Долгое время «Бесы» считались произведением реакционным –сейчас это предубеждение рассеялось и в России. В «Бесах» Достоевский раскрывает превращение нигилизма в тоталитарный феномен. В своем диагностическом исследовании он беспощаден, и его книга, которую историки русской литературы помещали среди «антинигилистских романов», в действительности становится самым нигилистическим анализом нигилизма, который когда-либо имел место. В «Бесах» нет ни одной общественной силы, способной сопротивляться тотальному разложению, и редки светлые точки, вспыхивающие зарницами в гротескном и судорожном мире, окружающем мрачно-трагическое пространство Ставрогина.

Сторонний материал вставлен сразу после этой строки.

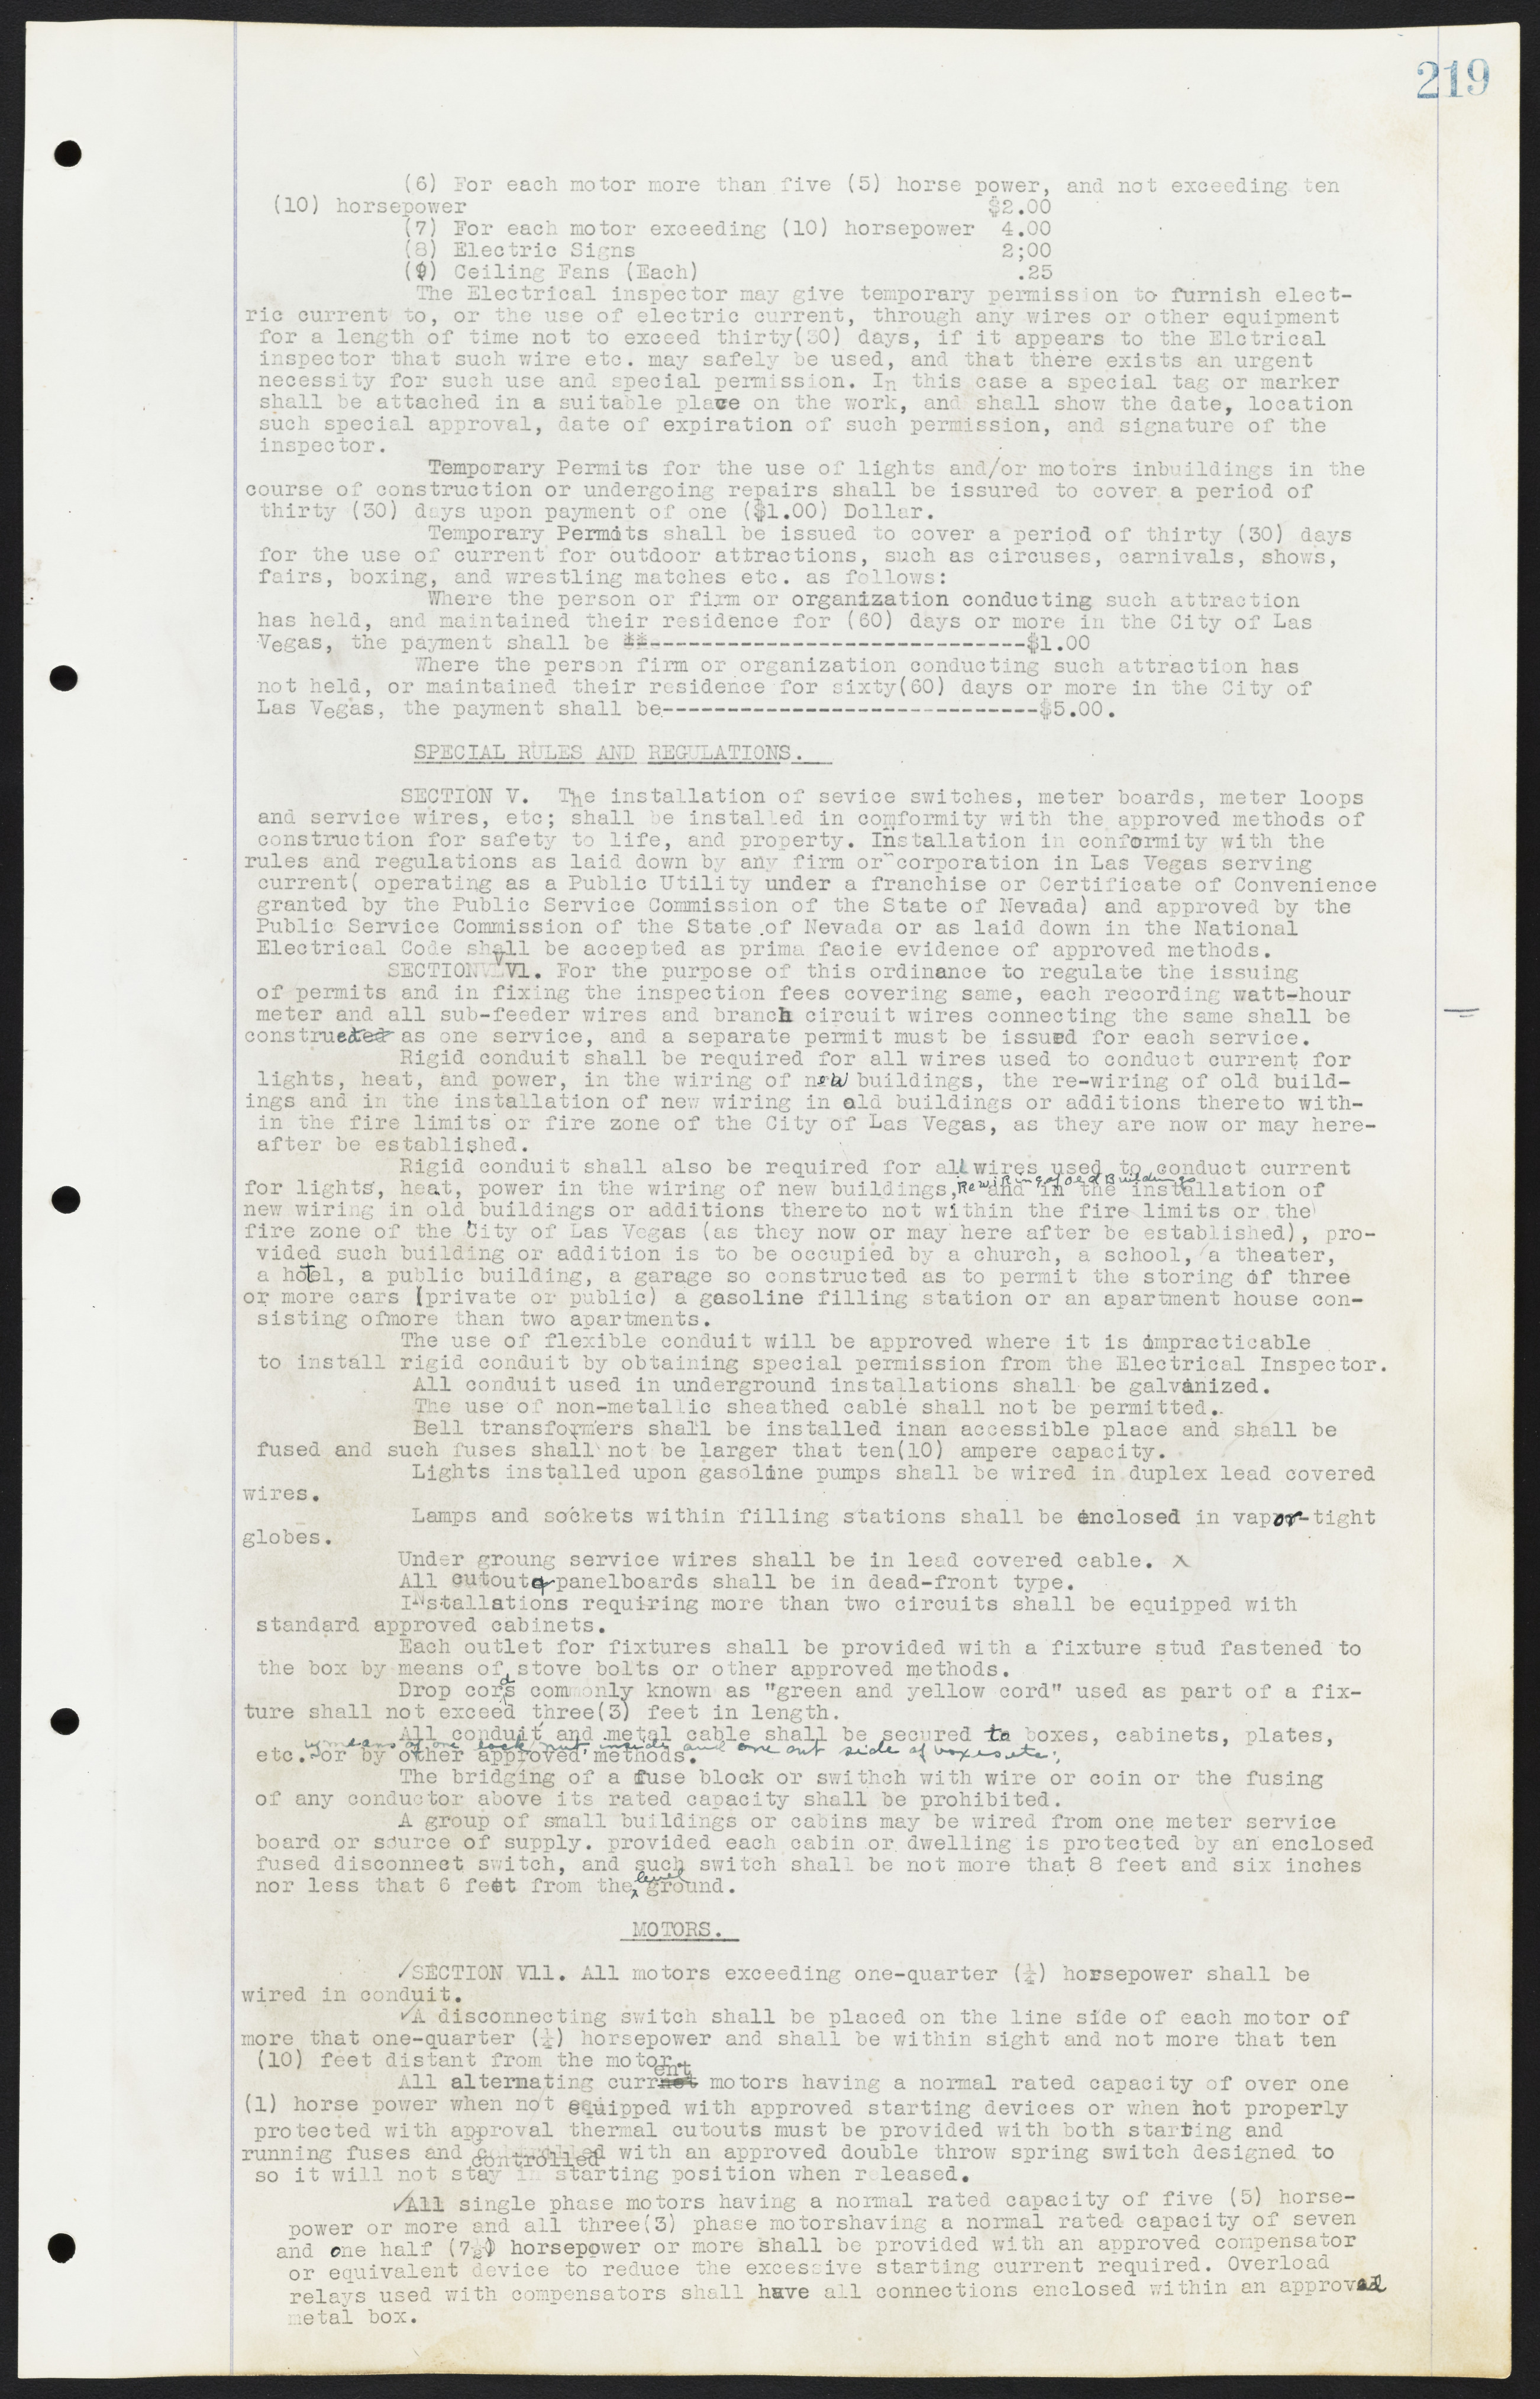 Las Vegas City Ordinances, July 18, 1911 to March 31, 1933, lvc000013-223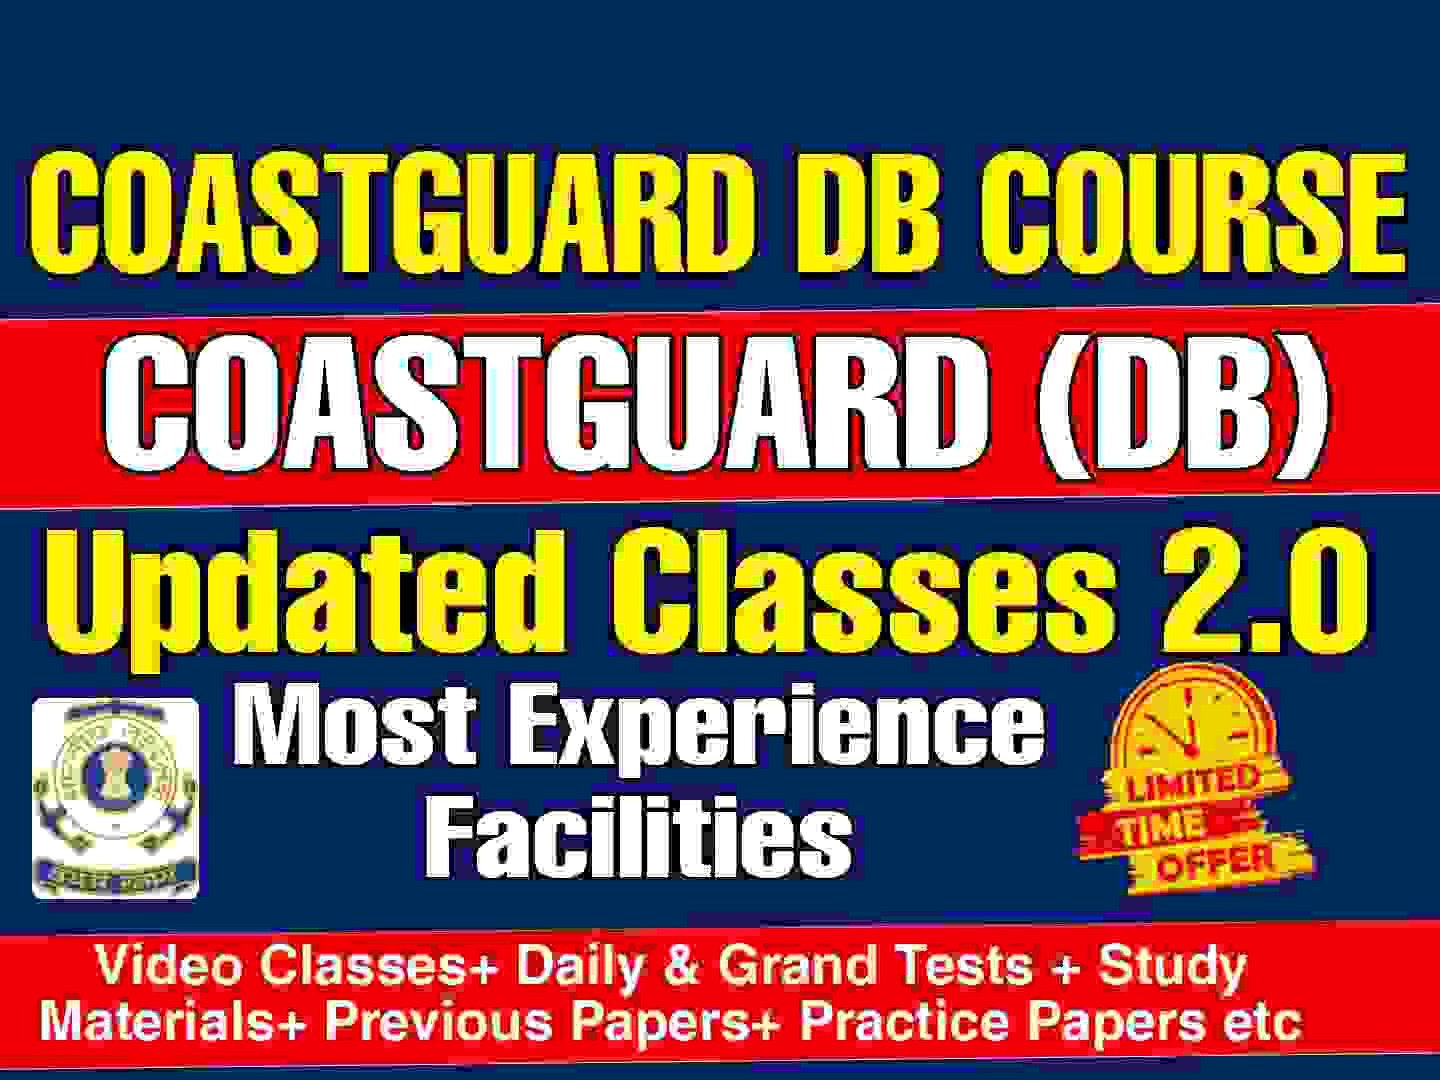 Coastguard DB Best Online Coaching

Однако из призрачной игры мистификаций и легенд, переворачивающей вверх дном символический город романа, вырисовывается «созидательный» план, с маниакальной точностью утопий воплощенный в словах Шигалева. Это точка, где ничто переходит во все, согласно тому казарменному воображению, которое обличали Герцен и Маркс, критикуя Нечаева и Бакунина. В проекте Шигалева ощущается дьявольская диалектическая сила, сливающая идеал равенства и иерхаическую реальность, социализм и деспотизм, свободу и рабство в едином синтезе, имеющем внутри себя механизмы для своего самовоспроизводства и увековечения.

В своем «Дневнике писателя» за 1873 г. Достоевский, говоря о «Бесах», спорит с утверждением одного публициста, согласно которому последователями Нечаева могли быть только праздные и глупые молодые люди. Достоевский отвечает, что в своем романе он стремился «изобразить те многоразличные и разнообразные мотивы, по которым даже чистейшие сердцем и простодушнейшие люди могут быть привлечены к совершению такого чудовищного злодейства»110 , как убийство студента Иванова. В «Бесах» Достоевский не только продолжал свои философские и религиозные искания, не только откликался на другие литературные произведения (в частности, на тургеневских «Отцов и детей»)111 , которые интерпретировали новую политическую и духовную действительность России, но и переосмыслял свой собственный юношеский опыт, приведший его в ссылку.

Этот план личных воспоминаний (в особенности воспоминаний о Спешневе112 ) позволил писателю увидеть дело Нечаева в новом свете. Поэтому, отвергая тезис о том, что нечаевцами могли быть только глупцы и негодяи, Достоевский открыто отрицает и то, что «Нечаевы» непременно фанатики: они могут быть просто «мистификаторами» и вспоминает, что в «Бесах» один из «Нечаевых» (Петр Верховенский) говорит: «Я мошенник, а не социалист»113 . Эти мошенники – «очень хитрые и изучившие именно великодушную сторону души человеческой, всего чаще юной души, чтоб уметь играть на ней, как на музыкальном инструменте»114 . Так с Достоевским возвращается тема мистификации и самозванчества в революционном движении, тема, которая у русского писателя, в соответствии с его поэтико-интеллектуальным методом, выходит за рамки эмпирического случая и приобретает философско-политический резонанс. В набросках к «Бесам» фигура Петра Верховенского в первый момент освещается в духе гоголевского Хлестакова, но в окончательной редакции романа этот момент приглушен. Поместить рядом с трагической душой нигилизма мистификаторскую – одно из великих прозрений Достоевского, который не «очернял» социализм и революцию, а просто видел их внутренние негативные возможности115 . В этом он в очередной раз оказывается рядом с Герценом.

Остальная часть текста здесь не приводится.